Он, конечно, уже двадцать раз забыл, что брякнул Дуньке в то утро, когда побежал в магазин за папиросками.
– В тваё обчество, где ты предсидатиль, а Зинка – твая замистительша, в обчество трезвасти!
– Заместительша? Ага… А ты откудава узнала? Я жа её тольки-тольки назначил? – спросил дед, сторого глядя на бабку.
Не думал он, что его невинная шутка про продовольственный паёк и общество трезвости заживёт своей, отдельной жизнью.
– Да она нам с Манькай сама вчора сказала. Мы, когда до правления за пайками пошли, до Зинки зашли в магазин. Манька придумала. Говарить, мол, людёв через Зинку много проходить, можать, чаво знаить, про пайки. Так она нам всё и рассказала.
– И чаво? Сходили до правления, чи не?
– Сходили. Семёныч говарить, чтобы пайки получать, нада к тибе в обчиство записатьси. Тольки ты Маньку ни записавай. Кака она трезвиница, из правления идём, а она мине, мол, пойдём до тибе, дюжа у тибе наливачка хорошая. От кака она трезвеница! А в тваём обчестве людёв многа?
– Н-у-у-у. Знаишь чаво, Дуня? Хоть я в обчество всех подряд ни беру, но людёв у мине многа. Членски взносы есть кому платить…
– Чаво энта? Ещё платить нада?
– А как жа? Вона, прафсоюз – энта тоже обчество. Мы жа платили туды взносы.
– И скольки?
– Да, ерунда! Для тех, кто вобще ни пьёть – десять копеек.
– А, кто пьёть?
– А, кто пьёть – двадцать.
– А, кто пьёть, но редка?
– Н-у-у-у, ежели редка, то можна и пятнадцать копеек.
– Согласная я, Митрафан, записавай давай мине в обчество. Пятнадцать копеек я тибе завтри занесу.
Тут хлопнула калитка и послышался голос бабки Маши.
– Митр-а-а-ф-а-а-н! Иде ты?
Бабка Дуня заметалась, поняв, что сейчас получит от своей подруги по полной, а дед ответил, что он в кухне.
– О как! – воскликнула бабка Маша, увидев свою заклятую подругу. – Она уже здеся сидить! Чаи гоняить! Кака ж ты бессовесна, Дунька. Догаварилиси жа – в десять!
Бабка Дуня было собралась раскрыть рот, но дед Митрофан её опередил, чем и выручил.
– Да, чаво ты, Маня, на неё ругаишьси? Она жа пришла за вас дваих догавариватьси. Говарить, ежели чаво, так ты, Митрафан мине можишь не записавать, тольки уж, Маню маю запиши. Она достойнее. А ты ругаишьси.
Бабка Маша посмотрела на бабку Дуньку с подозрением, а та сидела – ни жива, ни мертва от перспективы, которую дед Митрофан обрисовал. Маньку возьмут, а её могут и - нет!
– Так чаво, запишишь? – недоверчиво глядя на Митрофана, спросила бабка Маша.
– Оно тибе нада? Маня? Тольки лишнии расходы, никакой пользы, – решил потрепать бабке нервы дед Митрофан.
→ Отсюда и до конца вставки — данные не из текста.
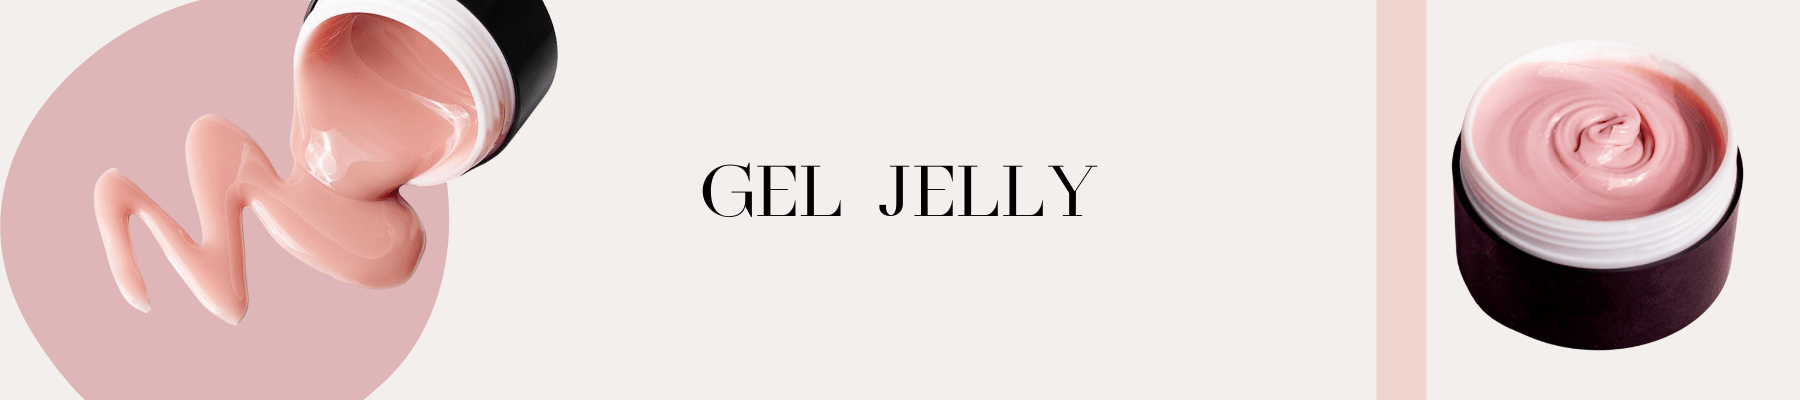 Gel Jelly for Modeling

– А пайки? – уперев руки в бока, спросила бабка.
– Каки пайки?
– Таки пайки! Ты мине тута ни придуряйси! Сам паёк захапал, а мине, значить, – дуля!
– Ну, я жа предсидатиль…
– Знаишь, чаво! Предсидатиль! Я на тибе управу найду! Я на тибе предсидатилю жалаваца буду! Люди, панимаишь, к трезвасти тянуца, а он им палки в калёсы! Чаво энта за тако обчество, в каторае людёв ни пущщають? А? Я тибе спрашаваю! – орала на деда бабка Маша.
– Вот, Манька! Чаво ты припёрласи! – осмелела бабка Дуня. – Я уже почти с им догавариласи, а ты тута устроила. Он уже нам и членски взносы подешевши обещалси…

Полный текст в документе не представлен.